Bei allem Enthusiasmus traten auch Defizite zutage. So stellte Daniel Blumer fest, es hätte sich vor allem der gebildete Mittelstand engagiert, während junge Erwachsene sowie Ausländerinnen und Ausländer schlecht vertreten gewesen seien. Der in den Innovationswerkstätten noch hohe Frauenanteil sei später in den Konsens-Konferenzen auf 21 Prozent gesunken. Zudem habe man zwar in das neuartige Kommunikationsmittel Internet investiert, dieses habe jedoch grösstenteils am bestehenden Bedürfnis vorbeigezielt.
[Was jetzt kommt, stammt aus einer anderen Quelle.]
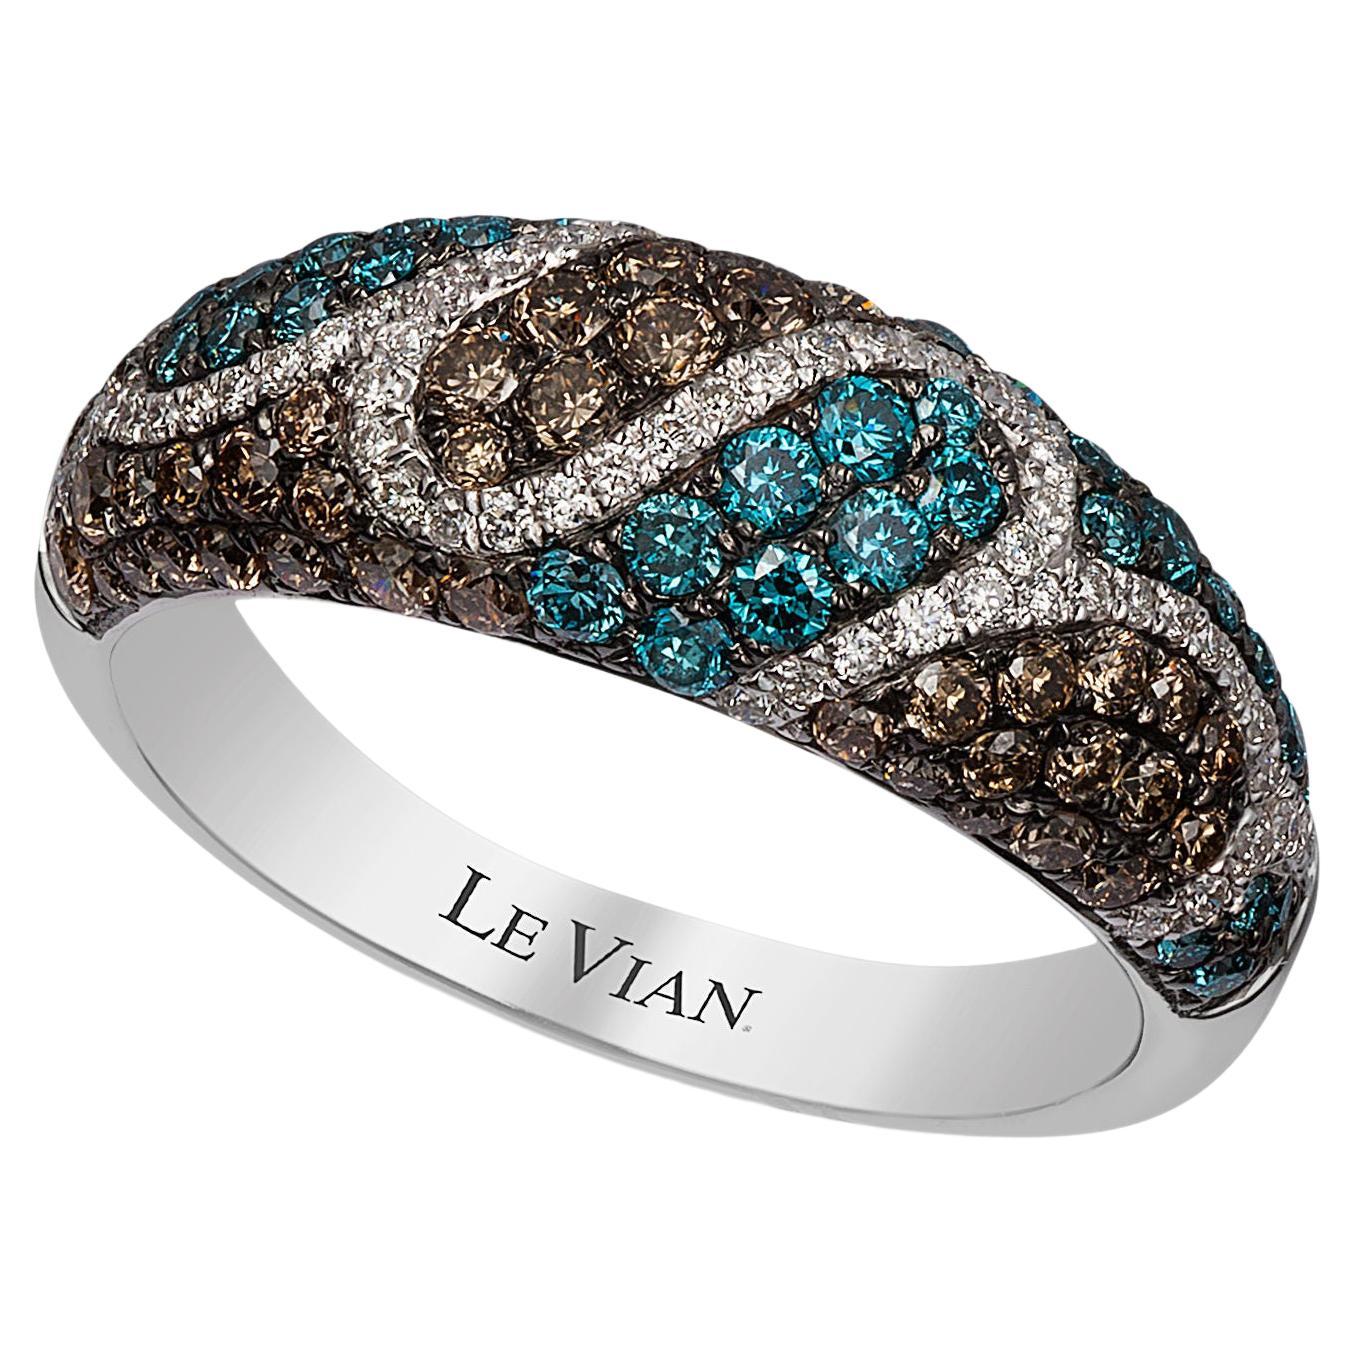 Le Vian Ring Blue, Chocolate, and White Diamonds Set in 14K White Gold

Der Unmut in der Bevölkerung gegen Ende des Mitwirkungsformats zeige, so Blumer, dass die Verwaltung nicht mehr als Garantin für eine zielgenaue Umsetzung wahrgenommen werde. «Bei künftigen partizipativen Verfahren sind deshalb eine aufwendigere, regelmässigere Öffentlichkeitsarbeit und eine verfahrensspezifische Medienwahl unerlässlich. Nur so ist die Akzeptanz der Resultate, ist auch die Anerkennung der behördlichen Umsetzung gewährleistet.» Architekt Jacques Herzog erklärte: «Die ‹Werkstadt› hat uns gezeigt, wie die Menschen, die hier leben, einbezogen werden können. Das ist bei jeder Planung nötig und sinnvoll. Über die Köpfe der Betroffenen hinweg geht heute nichts mehr.» Das war 2001.